Jahn: Honecker litt zwar unter einem erheblichen Realitätsverlust, was die wirtschaftliche Lage im eigenen Land anging.Aber er konnte eben auch feststellen, dass ein Großteil der Menschen sich mit dem Staat arrangiert hatten und das SED-System damit stabilisierten. Er hat Perestroika und Glasnost als innersowjetische Probleme abgetan, aber für die kleine Opposition der DDR war das Rückwind.

War Ihnen bewusst, dass die Politik Gorbatschows das Ende Honeckers bedeuten könnte?

Jahn: Mitte der 80er-Jahre wurde mir klar, dass die DDR mittelfristig nicht mehr weiter bestehen wird. Dass sie wegen ihrer inneren Widersprüche in sich zusammenbrechen würde. Und 1989 wurde endgültig deutlich, dass die Menschen die Angst vor Honeckers System verloren und für Menschenrechte auf die Straße gingen. Wenn Menschen die Angst verlieren, ist eine Diktatur am Ende.

Da tönte Honecker aber noch davon, dass die Mauer noch 50 oder 100 Jahre stehen werde. Hat er das wirklich geglaubt?

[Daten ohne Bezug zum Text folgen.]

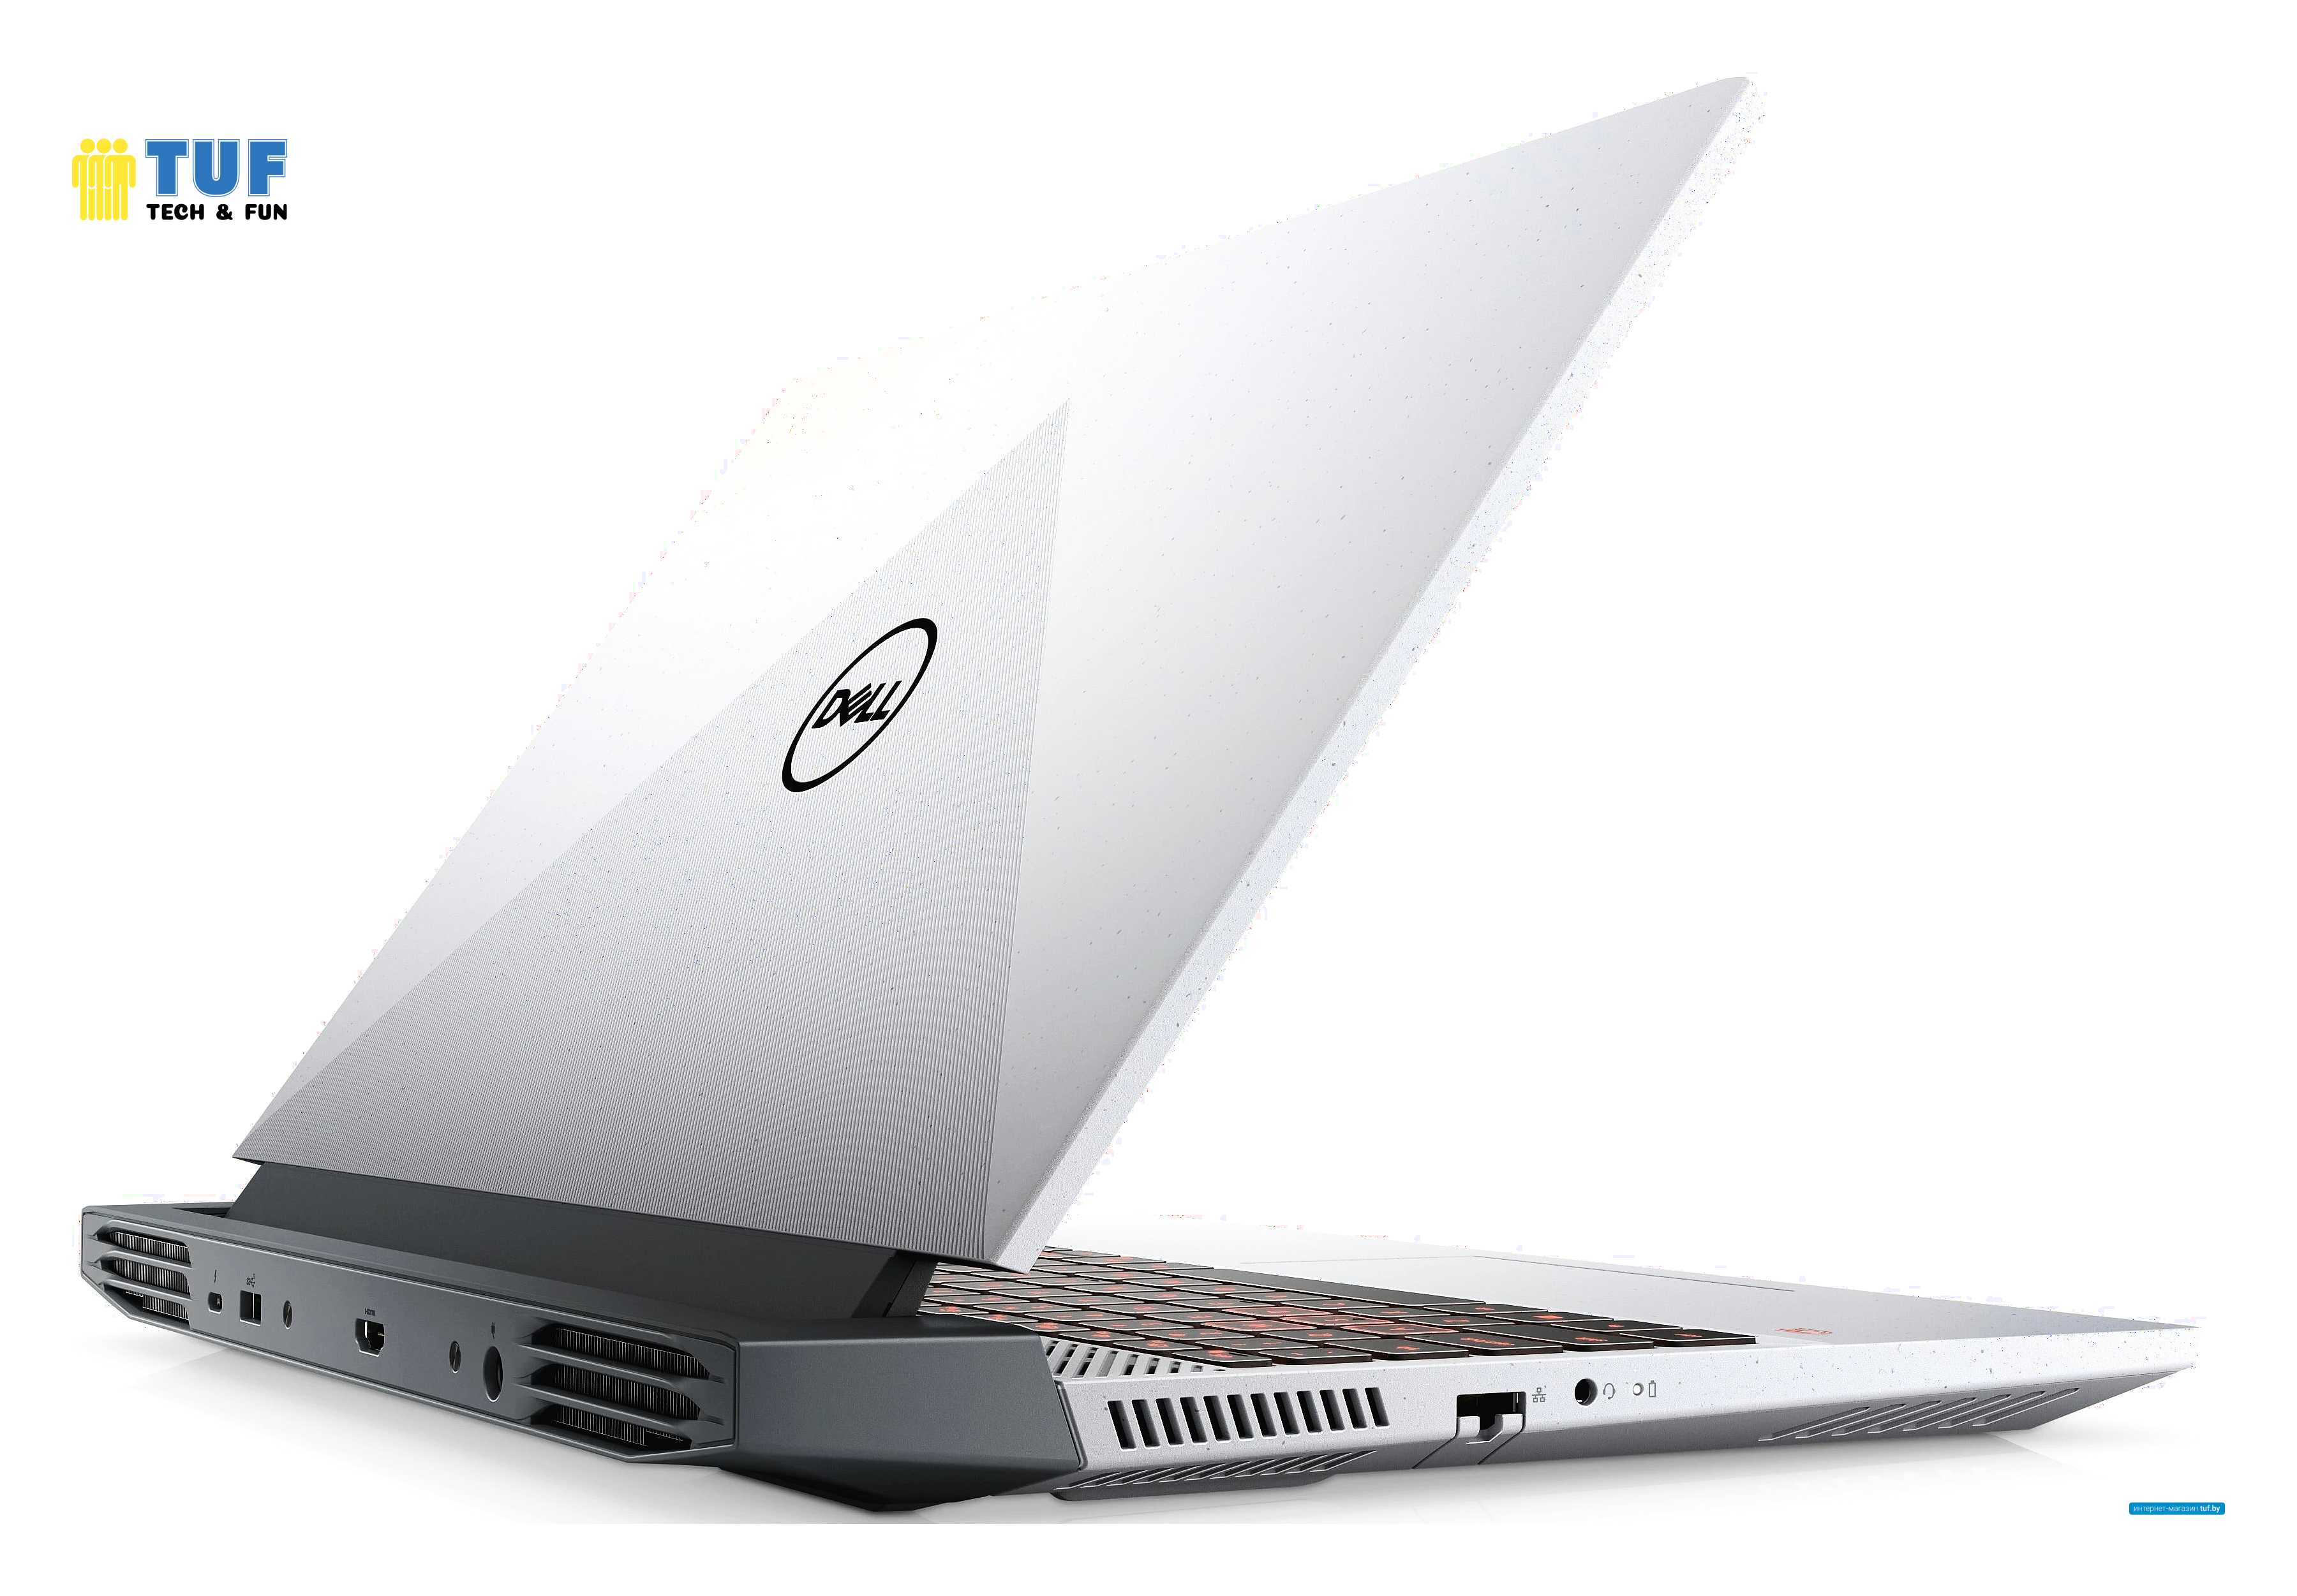 Игровой ноутбук Dell G15 5515 Ryzen Edition G15RE-A975GRY-PUS
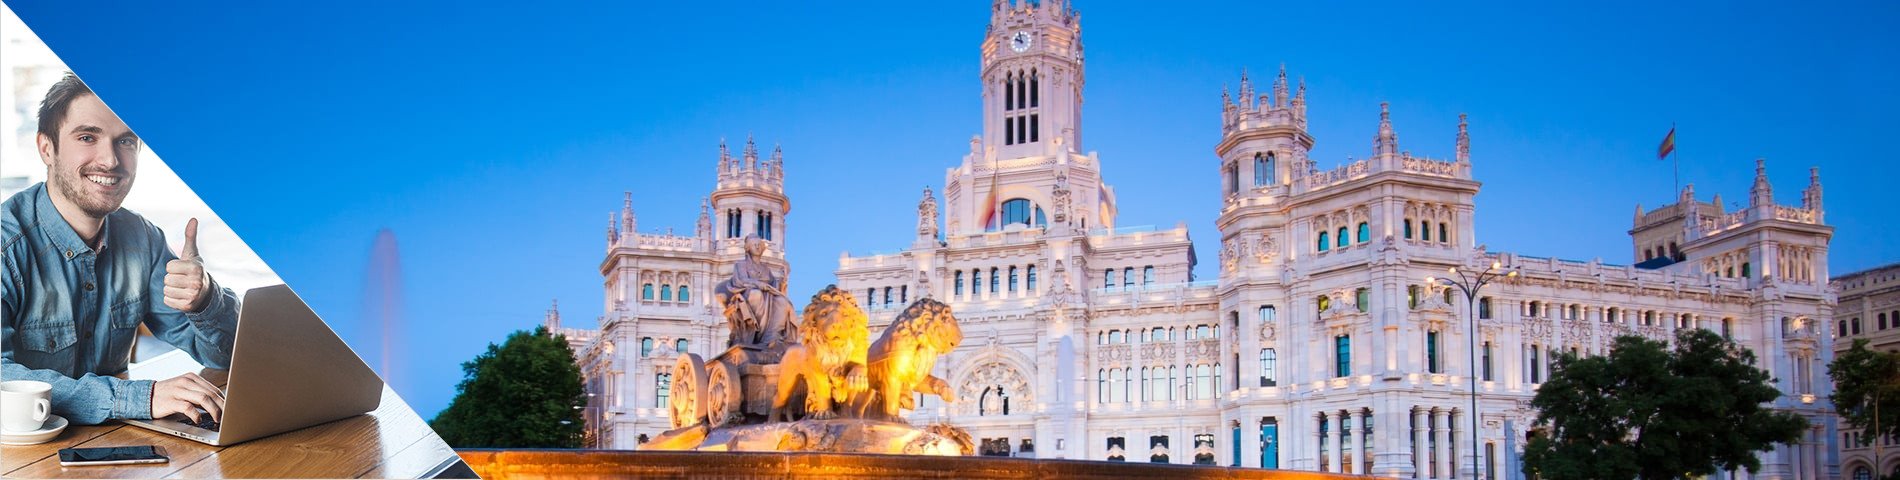 Madrid - Španělština a Pracovní umístění

Jahn: Vielleicht. Das hätte allerdings die Erhaltung der Macht durch die SED vorausgesetzt. Aber selbst viele Funktionäre hatten gesagt: Wenn es eine Demokratisierung der DDR nach westlichem Vorbild gibt, verliert die DDR ihre Existenzberechtigung. Und genau so ist es gekommen.

Nach der Wende kam heraus, das Honecker und die anderen DDR-Größen zwar sehr spießig, aber doch in einem gewissen Luxus lebten. Waren Sie überrascht?

Jahn: Nein. Vieles war bekannt, anderes ahnte man. Über die Privilegien der SED-Spitzen wurden Witze gemacht, es gab Empörung darüber, dass die Honeckers und Mielkes Wasser predigten und selbst Wein tranken. Zum Beispiel durch Fotos von Honecker auf der Jagd fühlten viele sich provoziert, weil die selbst ernannten Führer der Arbeiterklasse sich wie Bonzen aufführten. Und so wurden sie ja auch genannt.

Birgt die Persönlichkeit Honecker heute noch irgendwelche Geheimnisse?

Jahn: Über Honeckers Werdegang vom Chef der FDJ bis zum Generalsekretär der SED gibt es sicherlich noch vieles zu untersuchen. Besonders wichtig scheint mir eine Erforschung seines Bildes in der internationalen Wahrnehmung zu sein. Da wurde stets an vielen Legenden gestrickt, statt seine Rolle als Organisator des Mauerbaus und Verantwortlicher für die SED-Diktatur zu beleuchten.

Viele Menschen, vor allem Jugendliche, wissen heute - über 20 Jahre nach dem Mauerfall - wenig über Honecker und seinen Staat. Ist der Kampf gegen Legenden nicht bereits verloren?

Jahn: Nein. Wir alle sind herausgefordert, bei jungen Menschen Interesse für die deutsche Geschichte zu wecken. Je besser wir begreifen, wie Diktaturen funktionieren, desto besser können wir Demokratie gestalten.